Frederic Weisbecker Aug. 7, 2023, 3:22 p.m. UTC | #2
On Mon, Aug 07, 2023 at 02:50:20PM +0200, Sebastian Andrzej Siewior wrote:
> On 2023-08-01 15:24:35 [+0200], Frederic Weisbecker wrote:
> > Networking softirqs can take time, holding the execution of block,
> > tasklets, timers and RCU callbacks.
> > 
> > People fight hard through this big softirq lock, proposing more and
> > more hacks over the years to deal with the resulting fundamental
> > unfairness that is not only a problem for RT users.
> > 
> > Here is a proposal for an entrypoint to dealing with that issue in the
> > long term. The purpose is to adopt a similar journey to the one we took
> > with the BKL push-down but with timers. Most timers are unrelated to
> > other softirq vectors, those can simply be tagged with the new
> > TIMER_SOFTINTERRUPTIBLE flag that makes a callback soft-interruptible.
> > The others can carry the TIMER_SOFTINTERRUPTIBLE after they get converted
> > to use appropriate synchronization against other vectors callbacks
> > (using spin_lock_bh() for example).
> 
> This doesn't work as proposed because of lock ordering:
> |======================================================
> |WARNING: possible circular locking dependency detected
> |6.5.0-rc4-rt1+ #220 Not tainted
> |------------------------------------------------------
> |ktimers/0/15 is trying to acquire lock:
> |ffff88817b41b6d8 ((softirq_ctrl.lock)){+.+.}-{2:2}, at: __local_bh_disable_ip+0xb7/0x1a0
> |
> |but task is already holding lock:
> |ffff88817b41c820 (&base->expiry_lock){+.+.}-{2:2}, at: run_timer_softirq+0x61/0x3f0
> |
> |which lock already depends on the new lock.
> |
> |
> |the existing dependency chain (in reverse order) is:
> |
> |-> #1 (&base->expiry_lock){+.+.}-{2:2}:
> |       lock_acquire+0xd4/0x2f0
> |       rt_spin_lock+0x21/0xf0
> |       run_timer_softirq+0x61/0x3f0
> |       __do_softirq+0x19b/0x4cb
> |       run_timersd+0x92/0xf0
> |       smpboot_thread_fn+0x211/0x330
> |       kthread+0x110/0x130
> |       ret_from_fork+0x2b/0x40
> |       ret_from_fork_asm+0x1b/0x30
> |
> |-> #0 ((softirq_ctrl.lock)){+.+.}-{2:2}:
> |       check_prev_add+0xe2/0xd60
> |       __lock_acquire+0x132d/0x1700
> |       lock_acquire+0xd4/0x2f0
> |       rt_spin_lock+0x21/0xf0
> |       __local_bh_disable_ip+0xb7/0x1a0
> |       call_timer_fn+0x172/0x310
> |       run_timer_softirq+0x331/0x3f0
> |       __do_softirq+0x19b/0x4cb
> |       run_timersd+0x92/0xf0
> |       smpboot_thread_fn+0x211/0x330
> |       kthread+0x110/0x130
> |       ret_from_fork+0x2b/0x40
> |       ret_from_fork_asm+0x1b/0x30
> |
> |other info that might help us debug this:
> |
> | Possible unsafe locking scenario:
> |
> |       CPU0                    CPU1
> |       ----                    ----
> |  lock(&base->expiry_lock);
> |                               lock((softirq_ctrl.lock));
> |                               lock(&base->expiry_lock);
> |  lock((softirq_ctrl.lock));
> |
> | *** DEADLOCK ***
> |
> |2 locks held by ktimers/0/15:
> | #0: ffffffff826e9ce0 (rcu_read_lock){....}-{1:2}, at: rt_spin_lock+0x5d/0xf0
> | #1: ffff88817b41c820 (&base->expiry_lock){+.+.}-{2:2}, at:
> |run_timer_softirq+0x61/0x3f0

Right, need to pull that to the caller before it releases the lock.

> 
> I posted a different series last week where I drop the lock for other
> reasons at a different spot where it is safe to do so.
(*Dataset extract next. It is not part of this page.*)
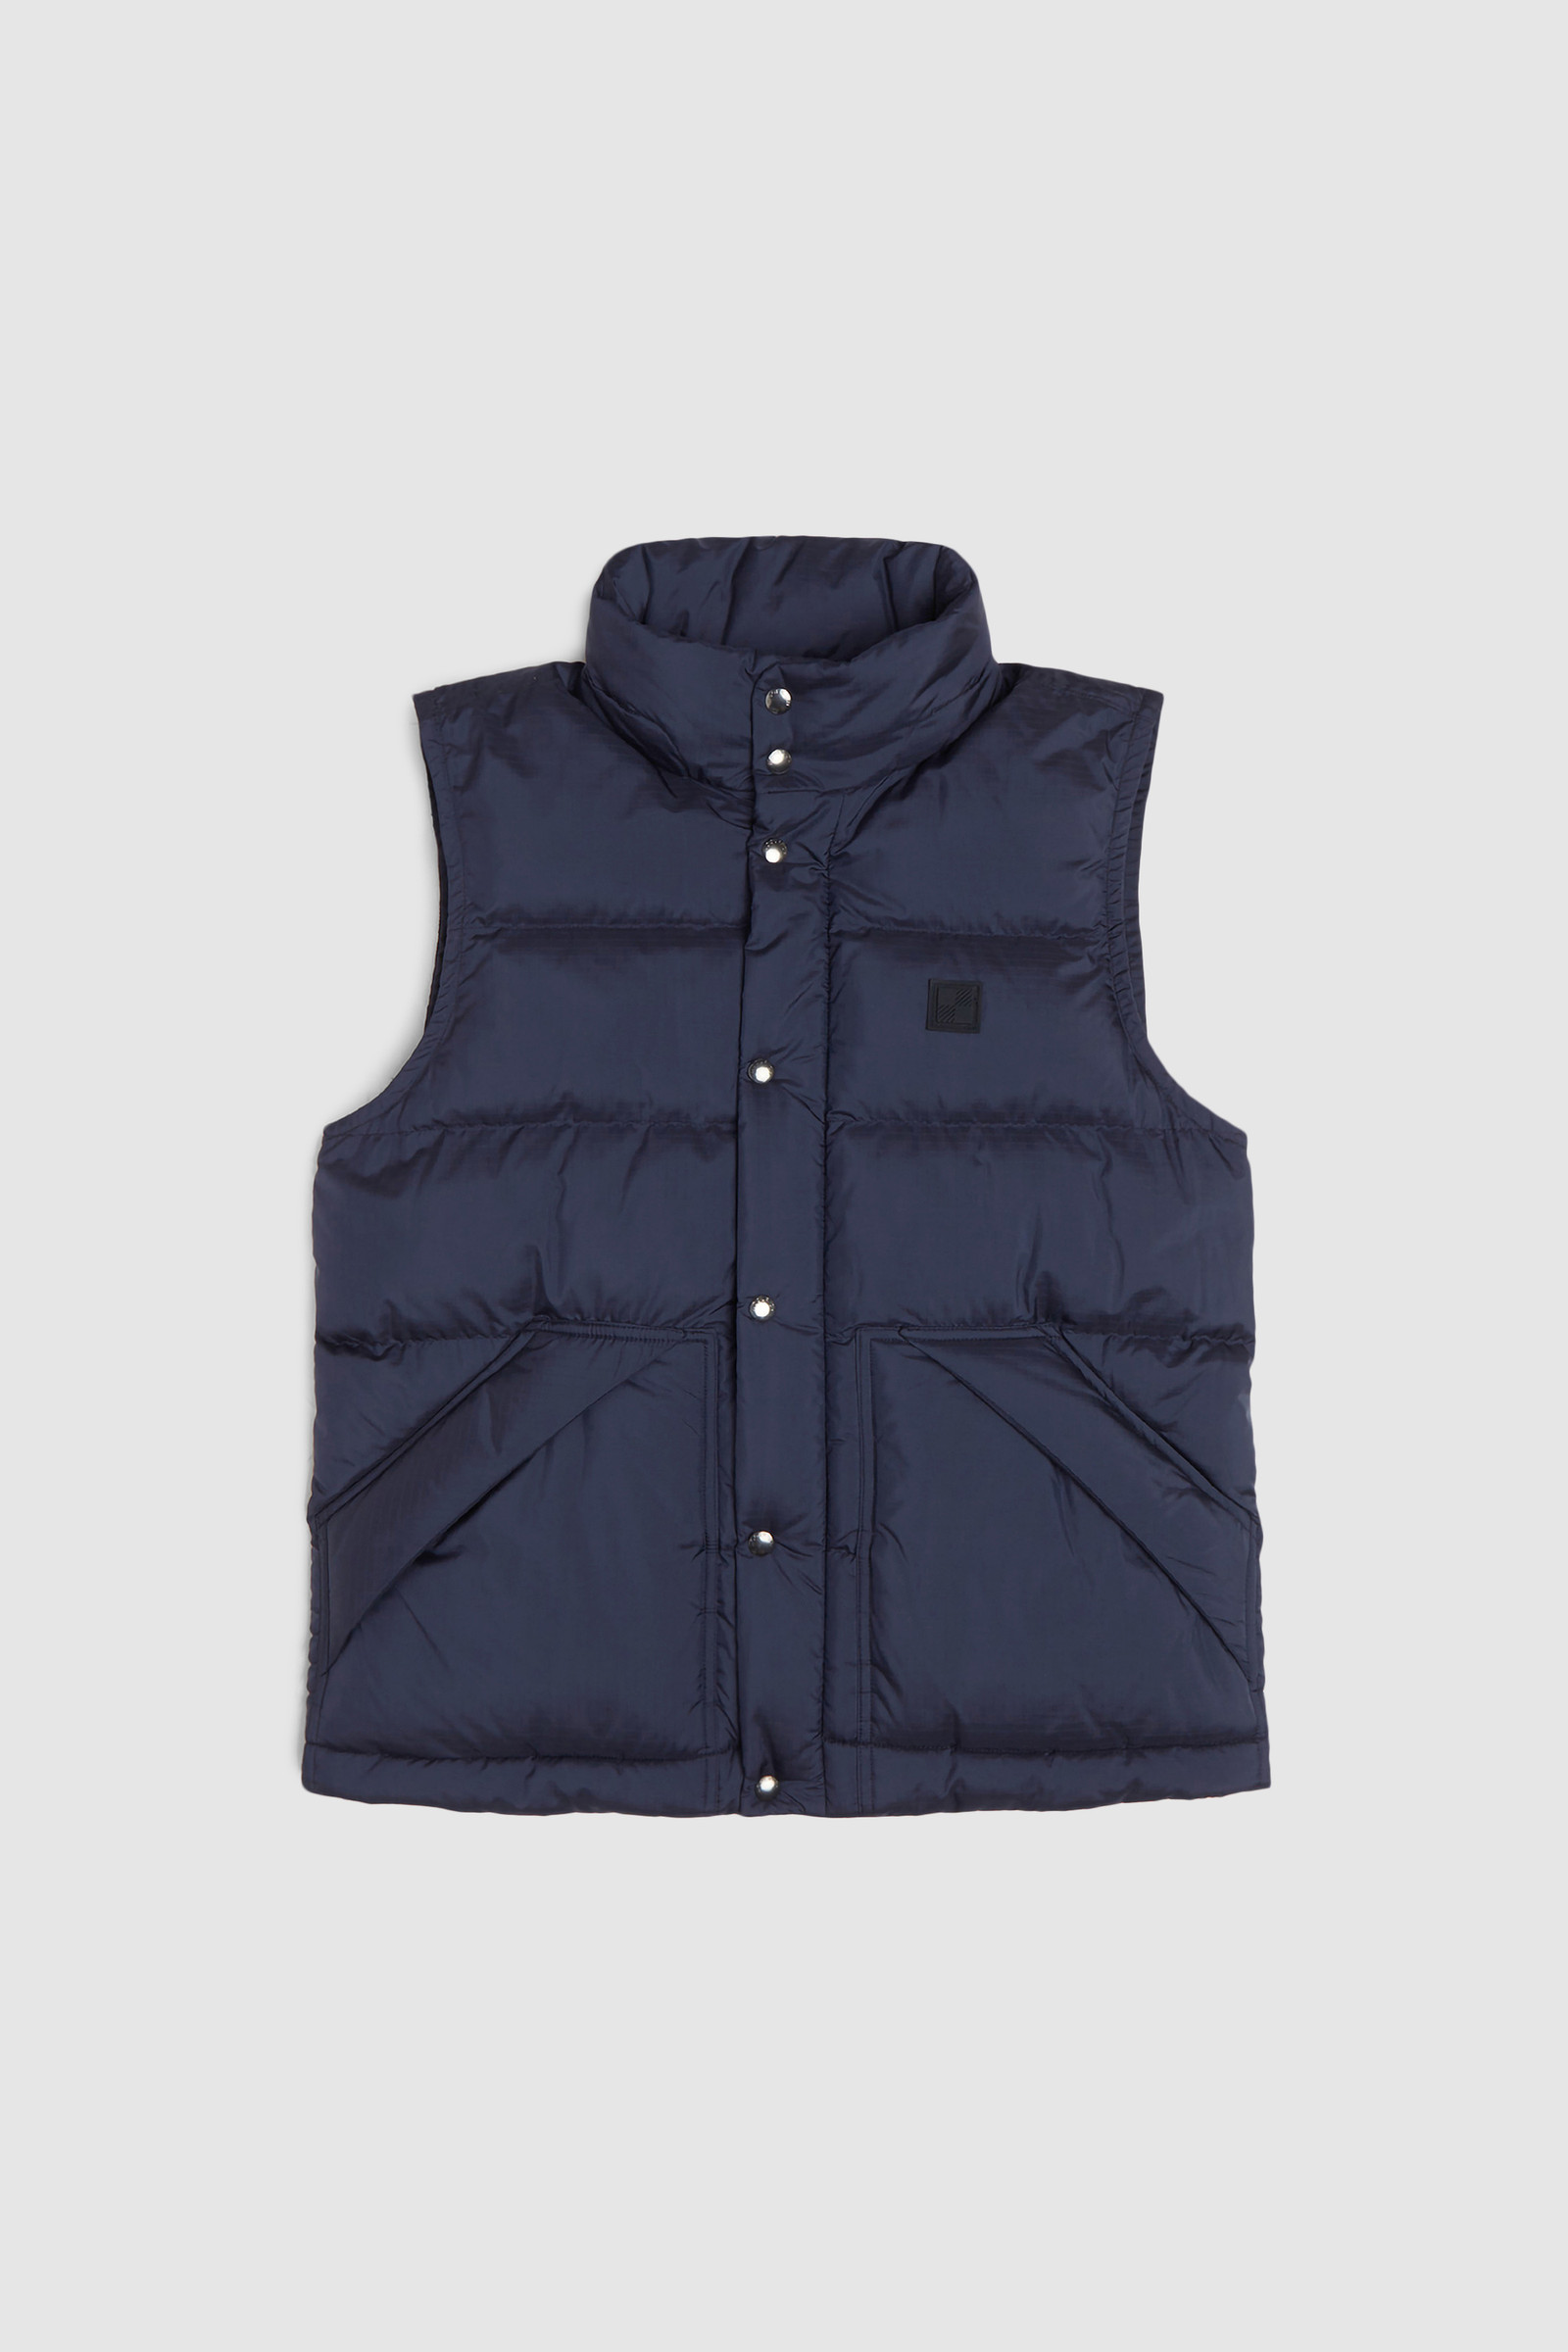 Sierra Supreme Vest

It needs adopting
> other level softirq handler (besides TIMER_SOFTIRQ) but there is no
> need to deal with the individual callback.

I've seen that yes, I have yet to review deeper but it looks like a good idea
in any case to have a preemption point between timer callbacks.

RCU already does a similar thing from its rcu boost processing with
cond_resched_tasks_rcu_qs().

> 
> However, how do you continue here? Assuming all timers are marked
> TIMER_SOFTINTERRUPTIBLE then you could avoid the BH-lock at the
> timer-softirq.
> But when is a timer considered safe? Would the lack of the _bh suffix be
> that and you would simply add it during your push down?

Yeah that requires manual inspection. A timer that obviously doesn't mess
up with other softirqs, as is the case most of the time, can simply get the flag.

Other timers can be dealt with individually with local_bh_disable() or
spin_lock_bh() or critical section.

> Then you continue the same thing for the remaining softirqs. And once
> you are done you would remove that RT lock within local_bh_disable()?
> This isn't something a !RT user would benefit, right?

Why not? A long lasting ksoftirqd handling lots of NET_RX could be
interrupted by a timer/rcu softirq in !RT for example. Further, there
could even be more than one ksoftirqd if necessary, though I doubt it.

> The other idea I have (besides the preemption point in each softirq
> handler (mentioned earlier)) is to simple drop the BH-lock on RT. Unlike
> mainline, RT wouldn't deadlock then. The only that would be missing is
> synchronisation against local_bh_disable() only locking for variables.
> From what I remember from the various BH-models we have in RT in the
> past, that was the only thing that exploded.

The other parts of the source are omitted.